I find the workflow great as well, the slowest part for me is compiling the Go binaries, the rest is virtually instant. Especially now with all this needlessly complex Docker stuff it's refreshing to use something simple.

Cost is prohibitive for sustained use, so make sure you price things out properly, it sounds very cheap until you look at say a constant 100 requests/s behind API Gateway. It's easily 300-400% what you'd pay on EC2.

Cold-start is really a non-issue in most cases, it seems to take very little to keep a function warmed, so unless you get zero traffic (which would be dirt cheap on a t2.micro anyway) you'll be fine.

boyd · on Nov 20, 2016

Had never heard of apex. Looks really nice and giving it a try now!

Edit: Feedback: Really like it. One feature that would be very nice would be the ability to trigger a ping on demand, e.g., for testing auth set up on a request. Runscope implements a similar feature. Otherwise great so far!

tjholowaychuk · on Nov 20, 2016

Thanks!
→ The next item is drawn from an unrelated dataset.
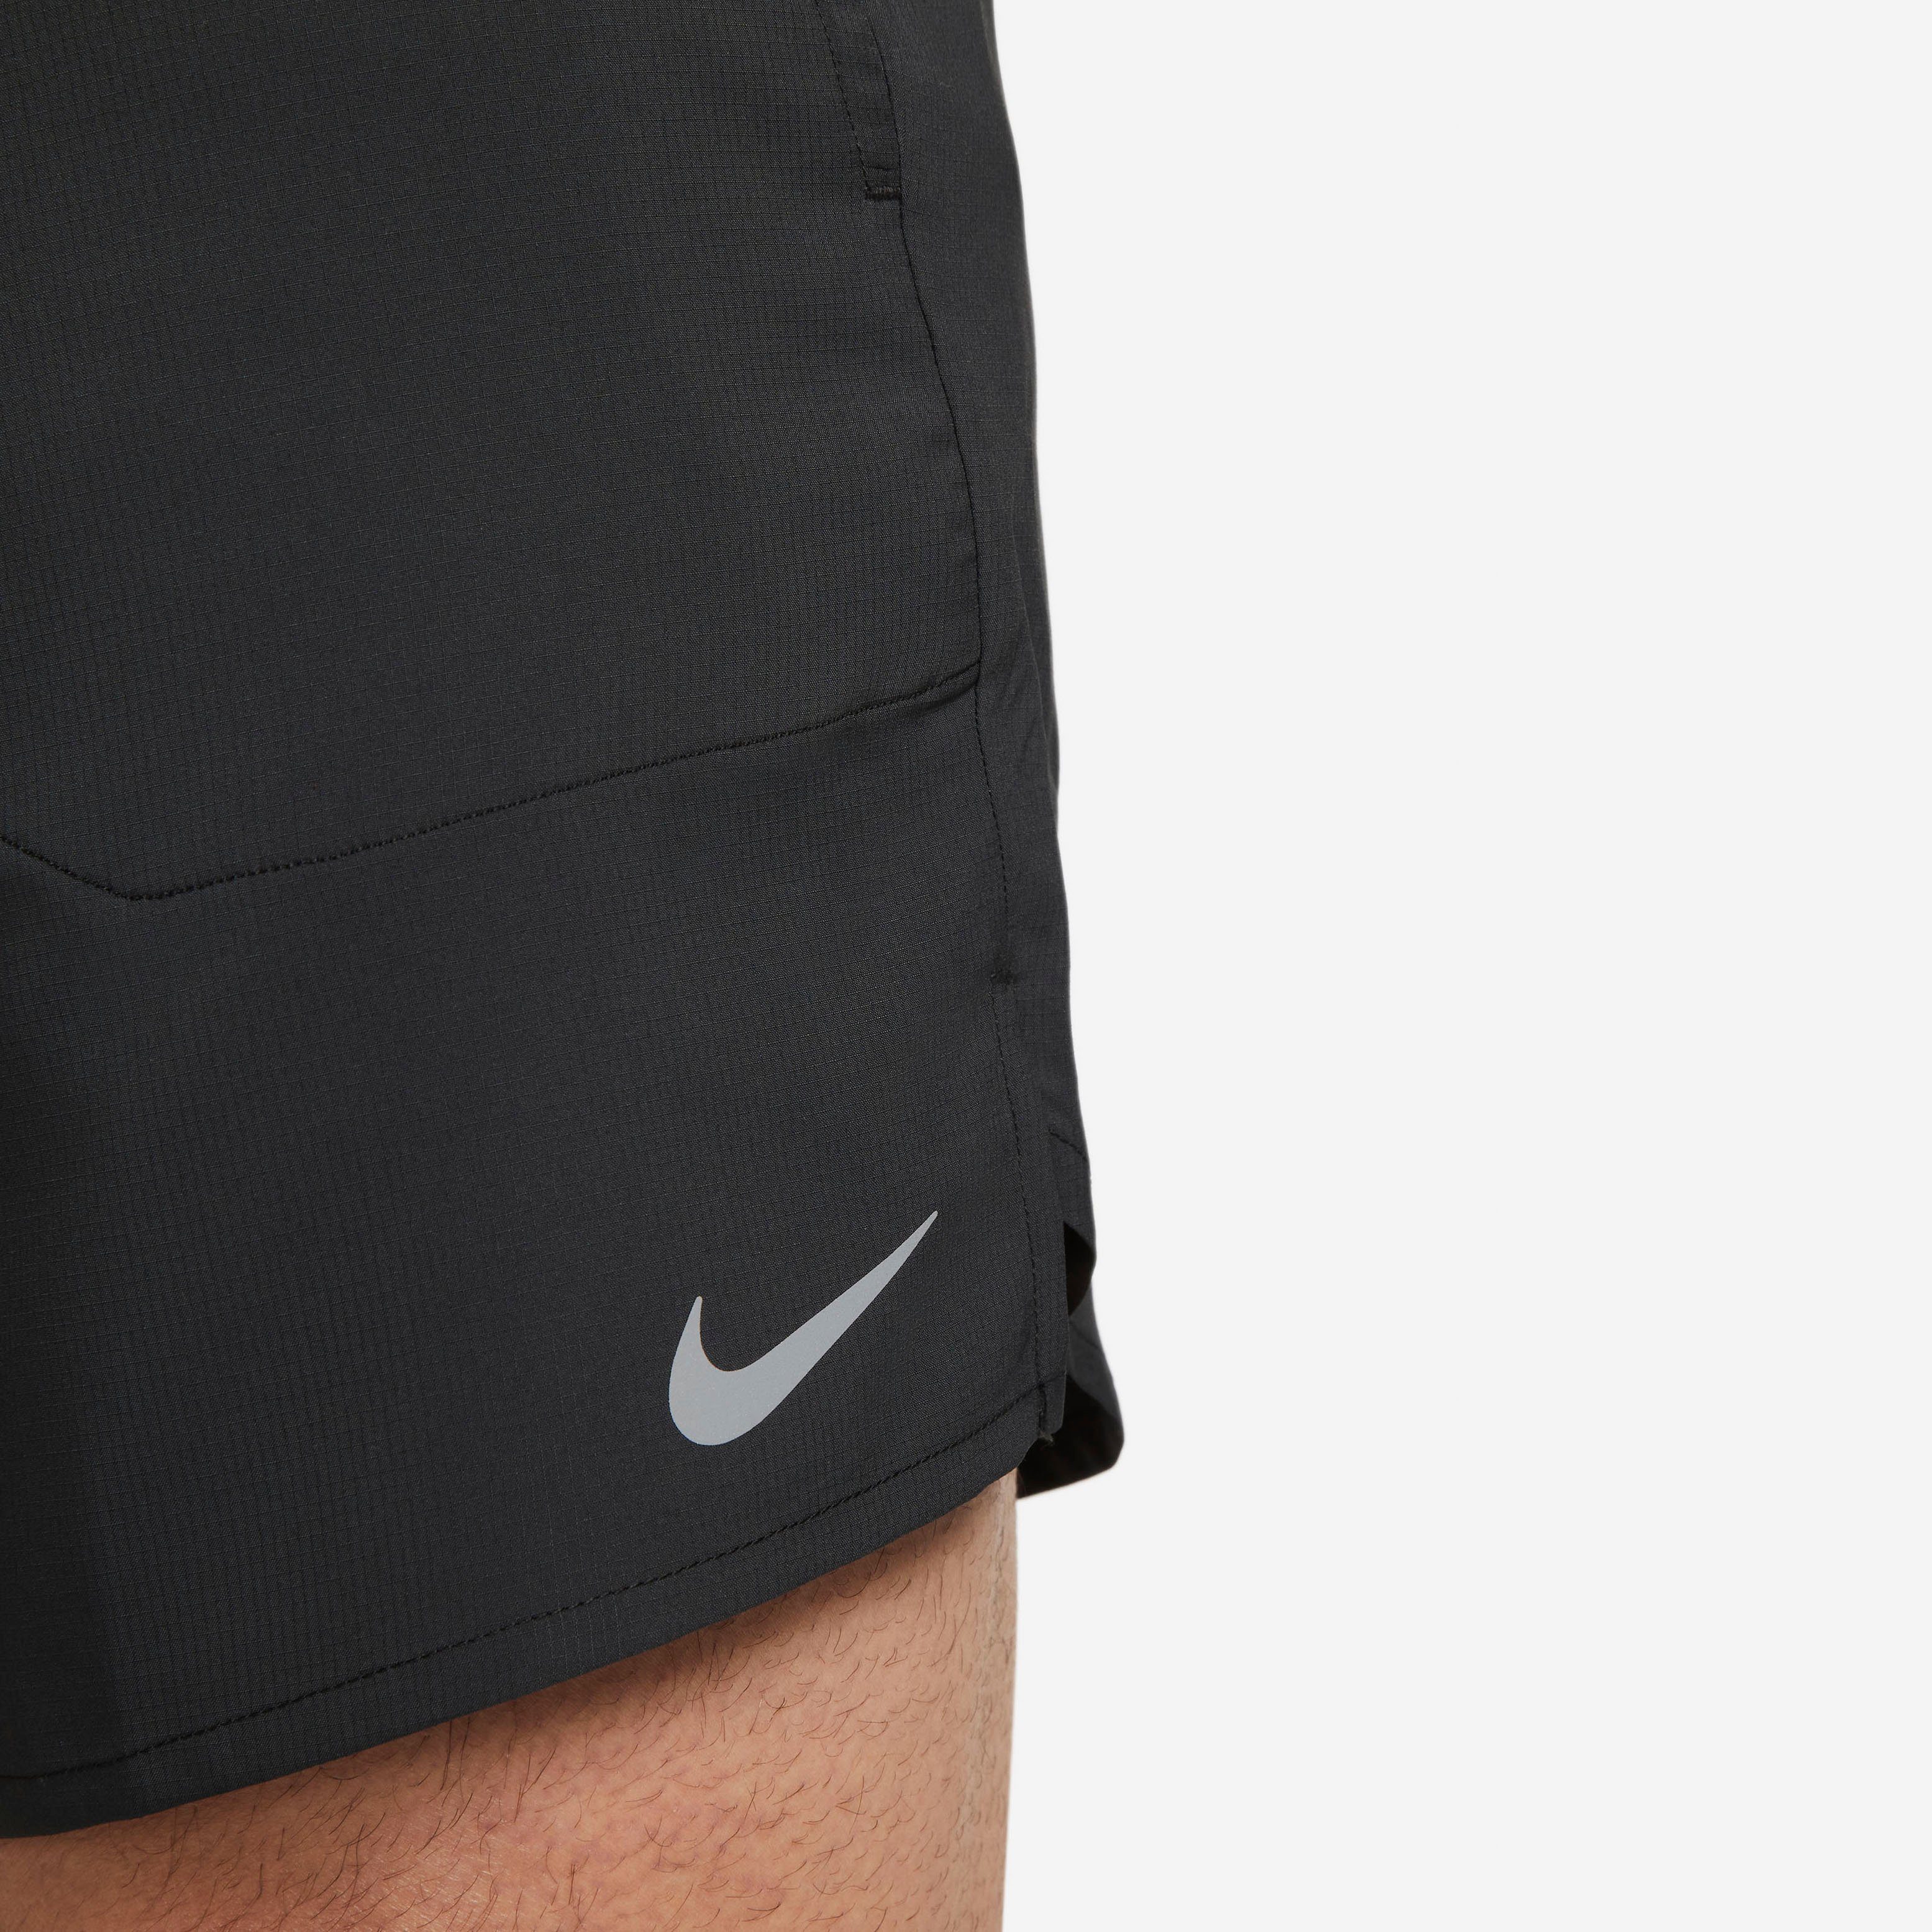 Dri-FIT Men's Nike Shorts Brief-Lined " Stride Running Laufshorts

Agreed, I have that on the list, quick sanity check is always good. Taking a bit of a break to work on other products but I'll keep adding to it.

tedmiston · on Nov 20, 2016

I've looked at Apex a few times. I was going to ask you for a hacker plan but it sounds like you're already doing such numbers it might not be justified. It would be really nice for me to be able to have a master subscription for my contracting work for client projects.
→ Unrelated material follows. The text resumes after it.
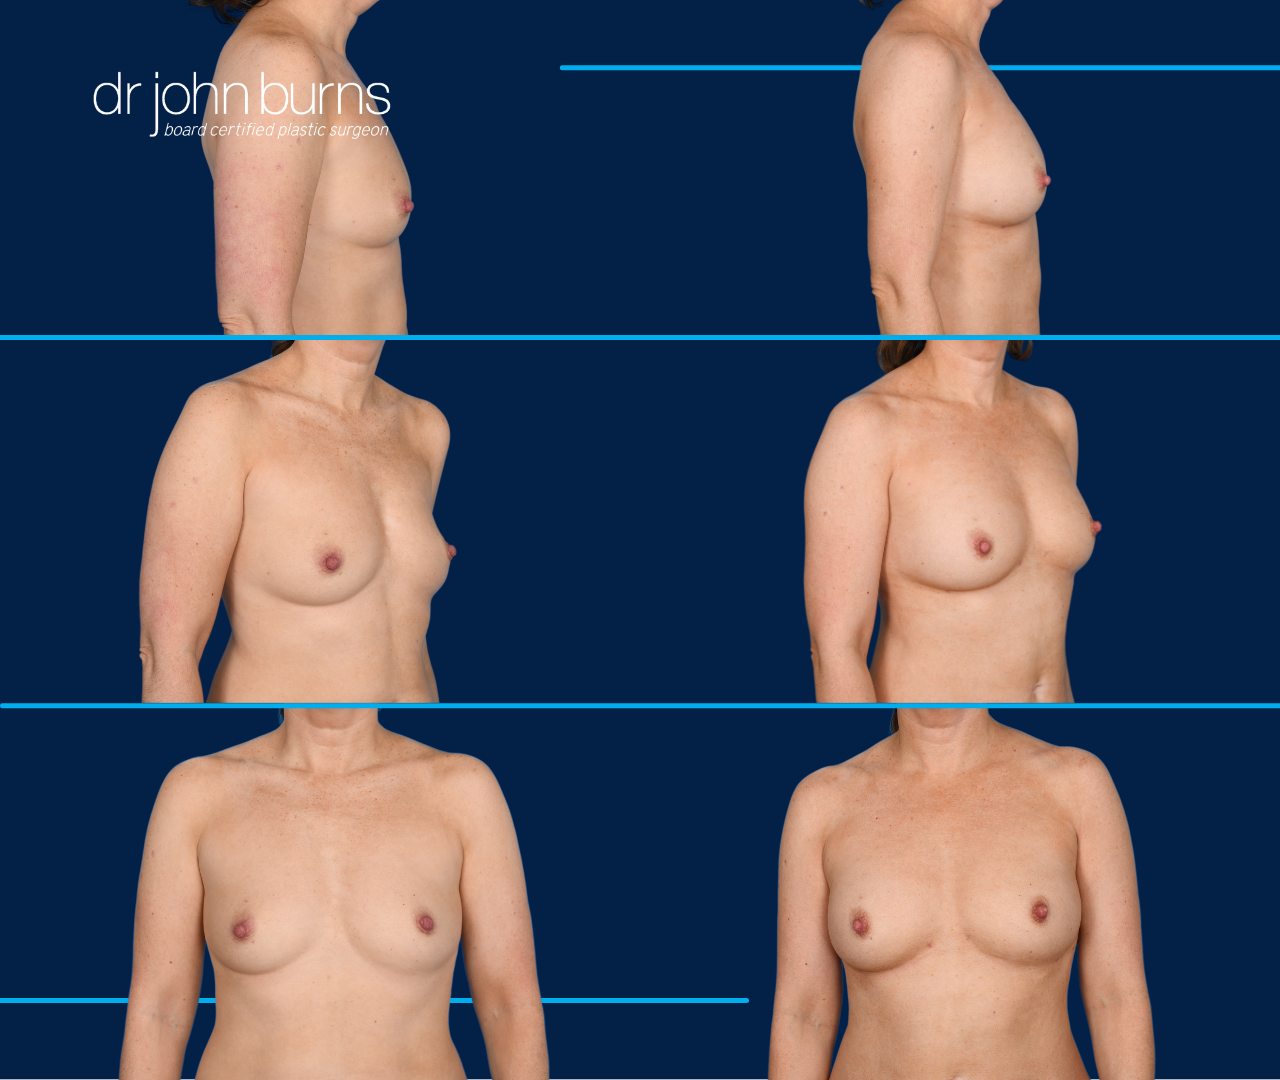 case 13- before and after breast augmentation fat transfer by top plastic surgeon, Dr. John Burns

tjholowaychuk · on Nov 20, 2016

I've thought about adding a smaller plan, I still might at some point but it certainly reaches a level where it's not really worth it, especially since I want to provide equal support to everyone. I'll have to experiment with that.
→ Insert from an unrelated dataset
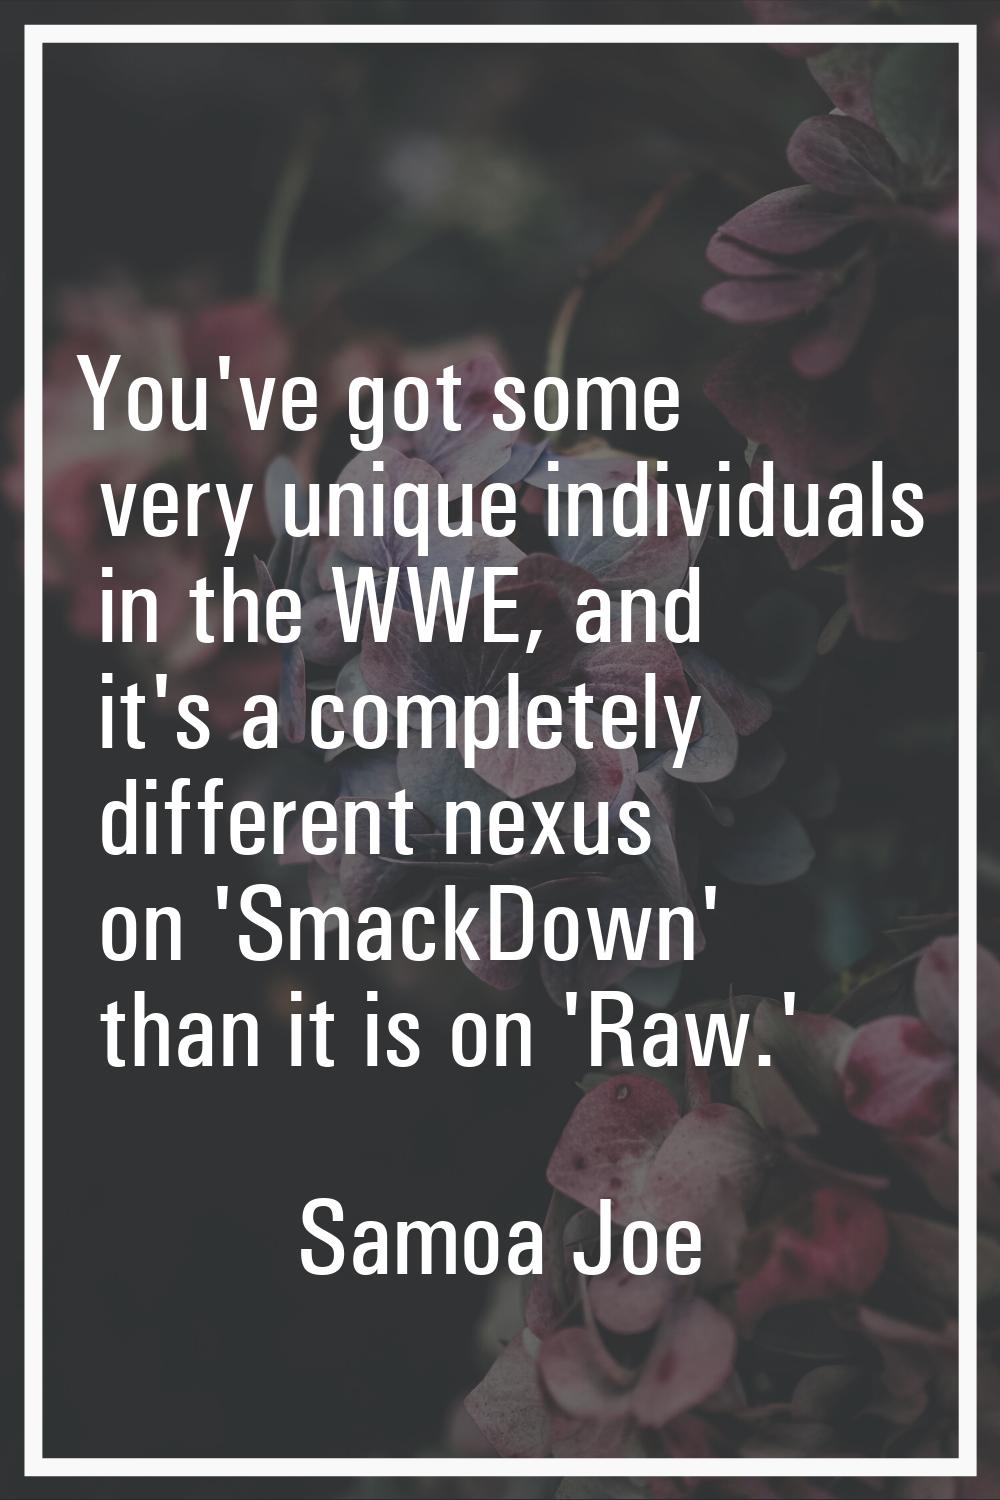 You've got some very unique individuals in the WWE, and it's a completely different nexus on 'Smack

I had limited free plans originally but that went horribly wrong haha, free users only attract other free users, a few days later I had like 4000 free people. Maybe that works for startups, but not "real" companies.

voidfunc · on Nov 21, 2016

I used Apex briefly a few months back and was impressed but I didn't fall in love with Lambda so I'm not using it anymore.

acid__ · on Nov 20, 2016

Heads up -- Chrome is blocking is blocking a lot of your site's requests to lambda endpoints (net::ERR_INSECURE_RESPONSE) :)

fosk · on Nov 21, 2016

If you need an API Gateway that can work with Lambda, but with better performance and feature set, take a look at https://github.com/Mashape/kong - there is an open PR for Lambda support which will land in the next version (I am one of the core committers).

markonen · on Nov 21, 2016

This is very interesting. Especially when you have a large volume of trivial requests, the cost-per-request of AWS API Gateway dominates overall cost (the Lambda functions themselves are cheap by comparison). Rolling one's own in EC2 can potentially be much cheaper.

tedmiston · on Nov 20, 2016

Can you elaborate on the slight latency you've experienced?

tjholowaychuk · on Nov 20, 2016

I haven't tested it extensively but if you boot up API Gateway and a hello-world Lambda function, the function itself takes maybe 1ms to run, while API Gateway seems to add roughly 150-200ms on top of that.

zbjornson · on Nov 20, 2016

We gave it a run in prod and abandoned it quickly. We were using it for parallel file processing (S3->lambda for CPU-heavy task->return a few numbers in a JSON).

Last I calculated, it's nearly 5x the cost of comparable t2 on-demand EC2 instances. That can be mitigated if you have spiky traffic where you'd need to turn on several EC2 instances for less than an hour but are stuck paying for the full hour, or if you can scale to zero for extended periods of time.

Critical to us: you don't have the ability to serve concurrent requests from a single lambda worker, so if you're waiting for async IO (e.g. downloading from S3) then you're wasting money you wouldn't be wasting with EC2. You end up with one file per lambda worker, whereas we could handle about five files concurrently on a normal VM because of async IO. -- For us lambda was prohibitively expensive at scale. I suspect a fair number of people reporting significant savings vs EC2 had over-provisioned instances.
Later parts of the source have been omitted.